▸ **Exercise goal**:
Reproduce every line of the material below, but drop the pictures.

====== Supplied data ======

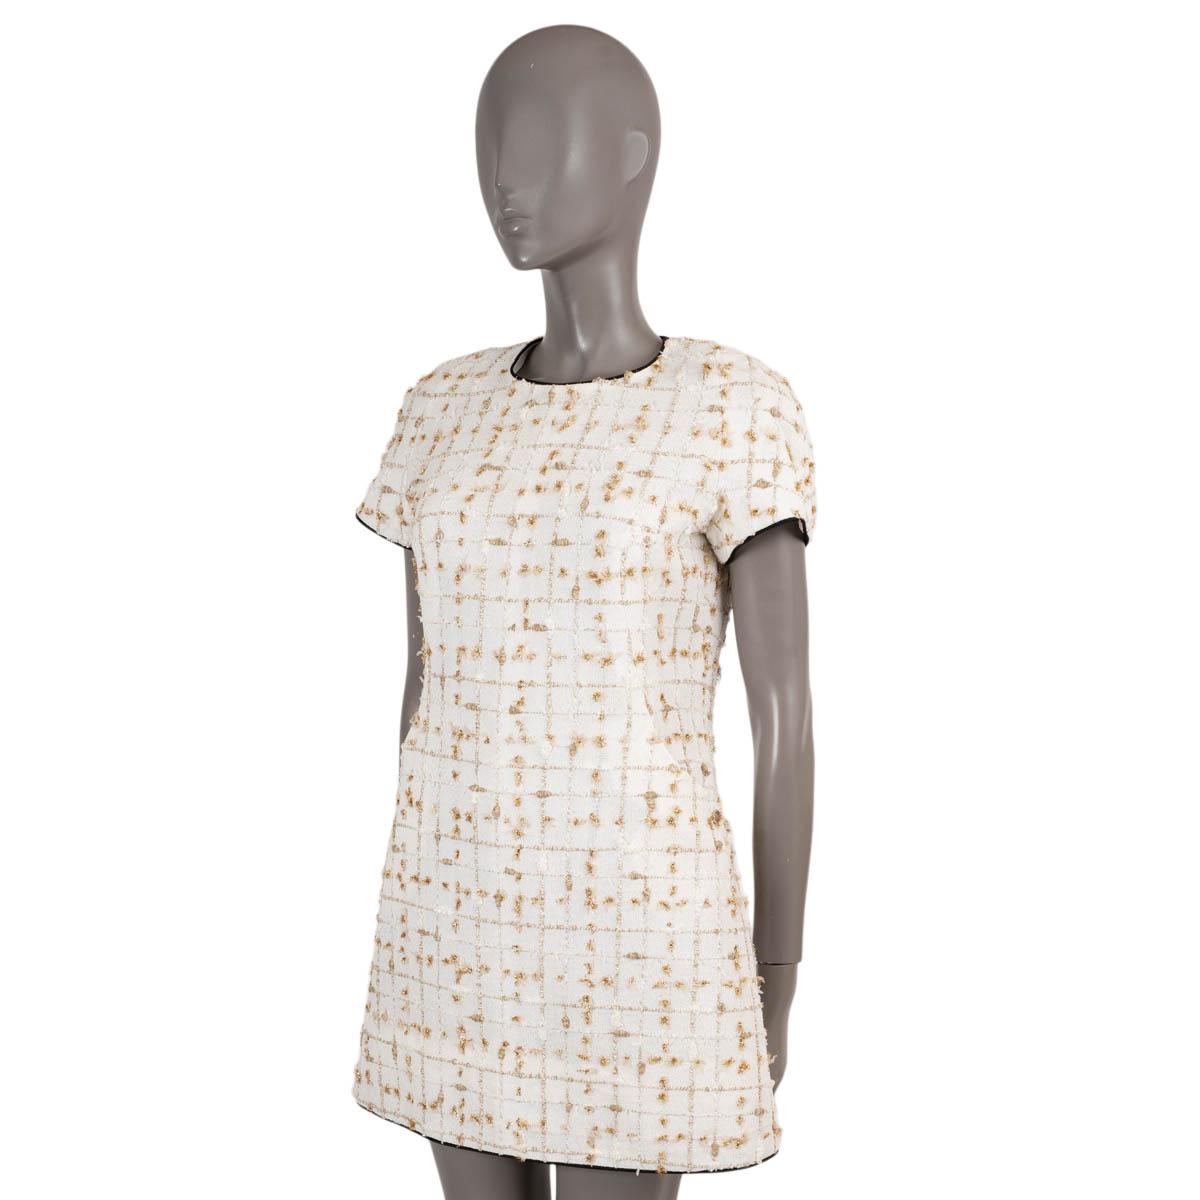 100% authentisches Chanel Kleid aus Lurex-Tweed in Weiß, Beige und Gold aus Polyamid (71%), Viskose (9%), Polyester (8%), Baumwolle (6%) und Acryl (6%). Mit Rundhalsausschnitt, Schlitztasche und kurzen Ärmeln. Schließt mit einem verdeckten
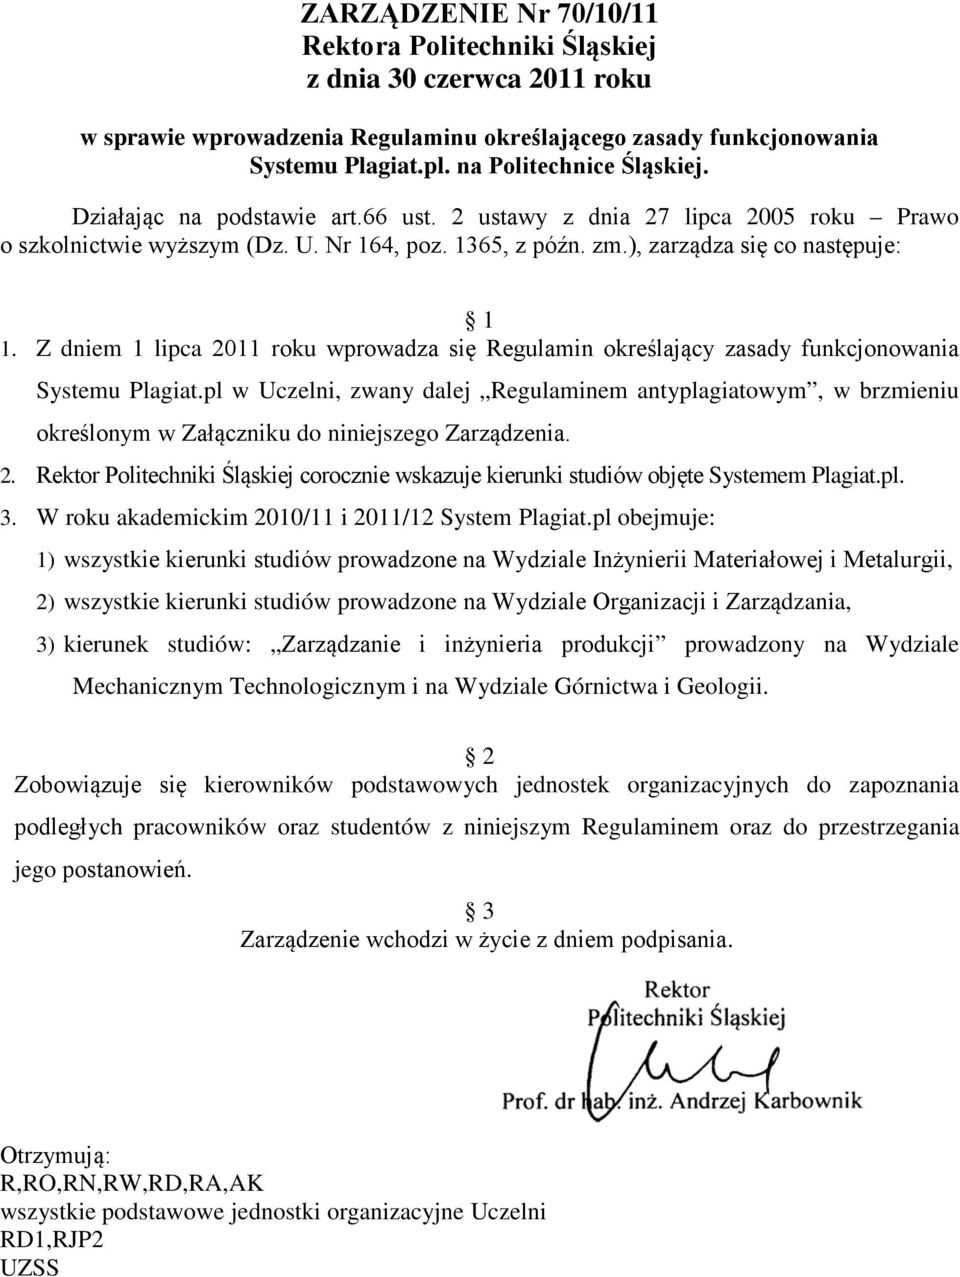 Z dniem 1 lipca 2011 roku wprowadza się Regulamin określający zasady funkcjonowania Systemu Plagiat.
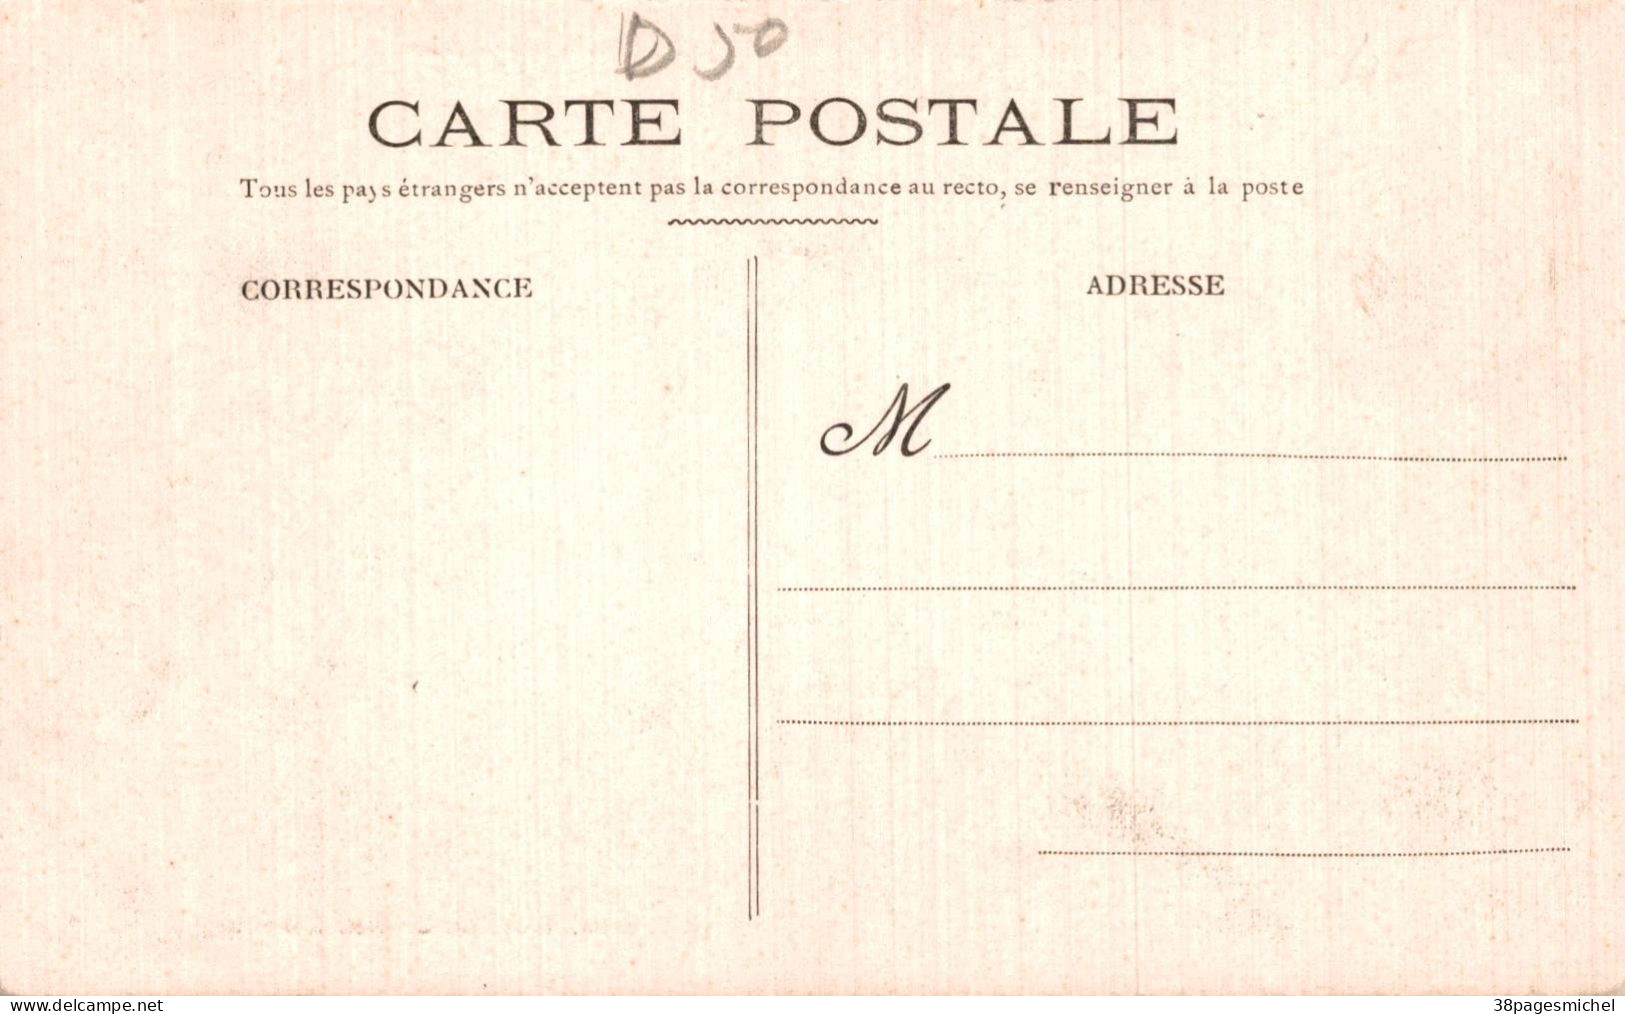 K1905 - CHERBOURG - D50 - Lot de 5 Cartes Postales

======

▸ **Worked solution**:
 100% authentisches Chanel Kleid aus Lurex-Tweed in Weiß, Beige und Gold aus Polyamid (71%), Viskose (9%), Polyester (8%), Baumwolle (6%) und Acryl (6%). Mit Rundhalsausschnitt, Schlitztasche und kurzen Ärmeln. Schließt mit einem verdeckten
 Z dniem 1 lipca 2011 roku wprowadza się Regulamin określający zasady funkcjonowania Systemu Plagiat.
 K1905 - CHERBOURG - D50 - Lot de 5 Cartes Postales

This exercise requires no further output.